TALBOT: I can tell you one other thing about that scene. That's Thora Birch, one of the girls saying that. When we first talked to Thora about it, we sort of joked that it was like her character from Ghost World, if it was 15 years later and she got a job in tech in San Francisco, if she never got off the bus, and she left in that movie. So that's sort of what she brought to it. She has the Ghost World glasses in her pocket, actually, in that scene.

NOTEBOOK: Wow, I did not notice the glasses. I love that movie!

TALBOT: It was an honor for me, because we shot that by my old high school, where I saw Ghost World as a teenager, and I fell in love with that movie. It changed my life. It was surreal. We're driving by that high school with Thora on this mini bus...very bizarre.

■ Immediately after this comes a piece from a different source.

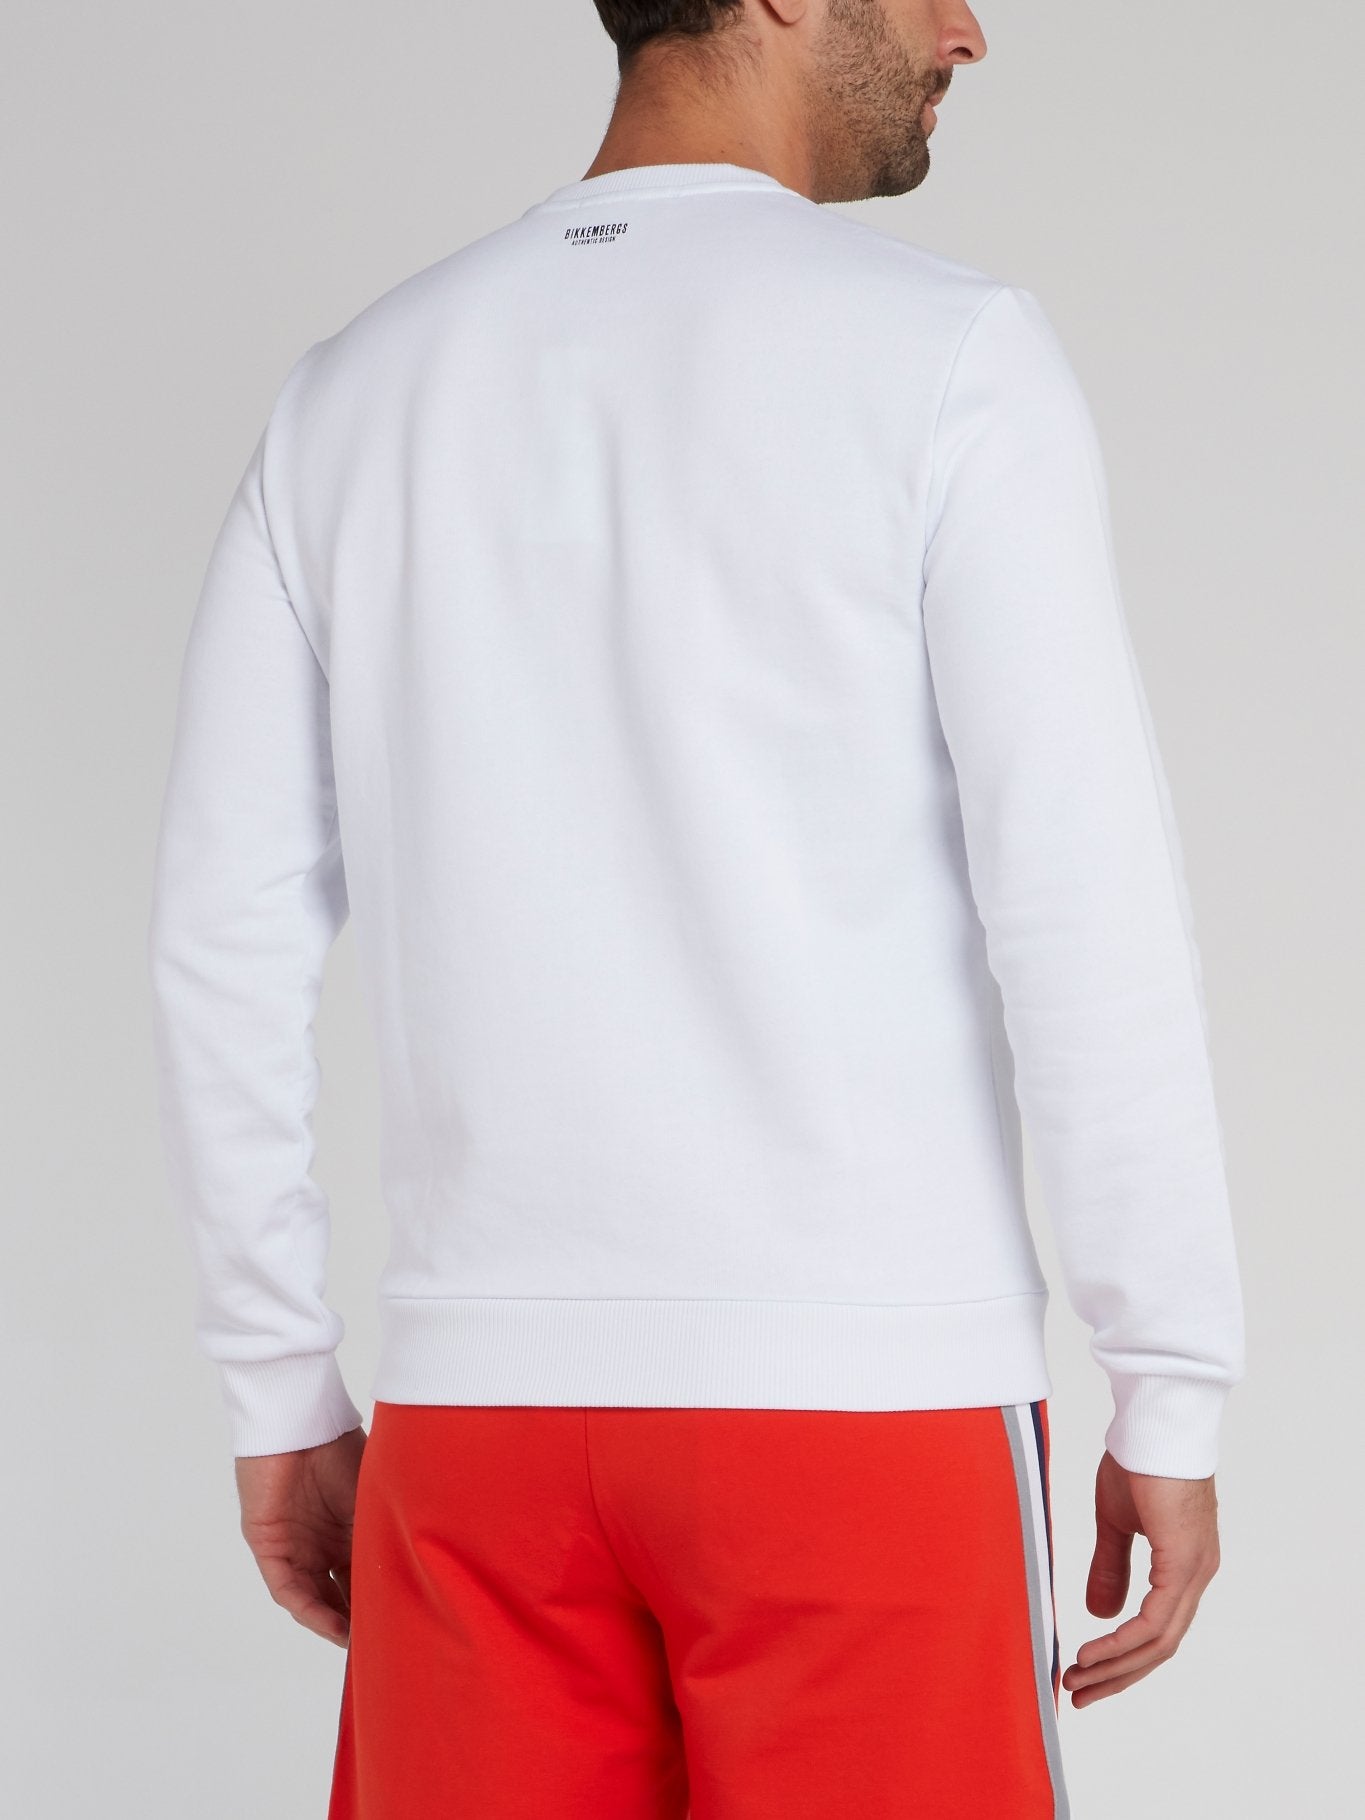 White Embroidered Statement Sweatshirt

NOTEBOOK: Between Sorry to Bother You, Blindspotting, and even Fruitvale Station, there seems to be a lot of stories coming out of the Bay Area in recent years.

TALBOT: There's a long history, political history, in the Bay Area. I will say, though, those are all Oakland movies. And I think there is a real difference, even though it's so close, and even though we love our friends across the Bay, San Francisco has a very specific relation to what's happening with gentrification. The Mission, where we grew up, is ground zero for maybe the entire country for gentrification. It's like the blueprint for how to change a neighborhood, you know? With the influx of tech money, it's going to destroy the Latino neighborhood. So while there are similarities, Oakland and the East Bay have a different history and a different modern-day relationship to gentrification. We've been hit very hard. I don't want to say the hardest, but it kind of seems that way.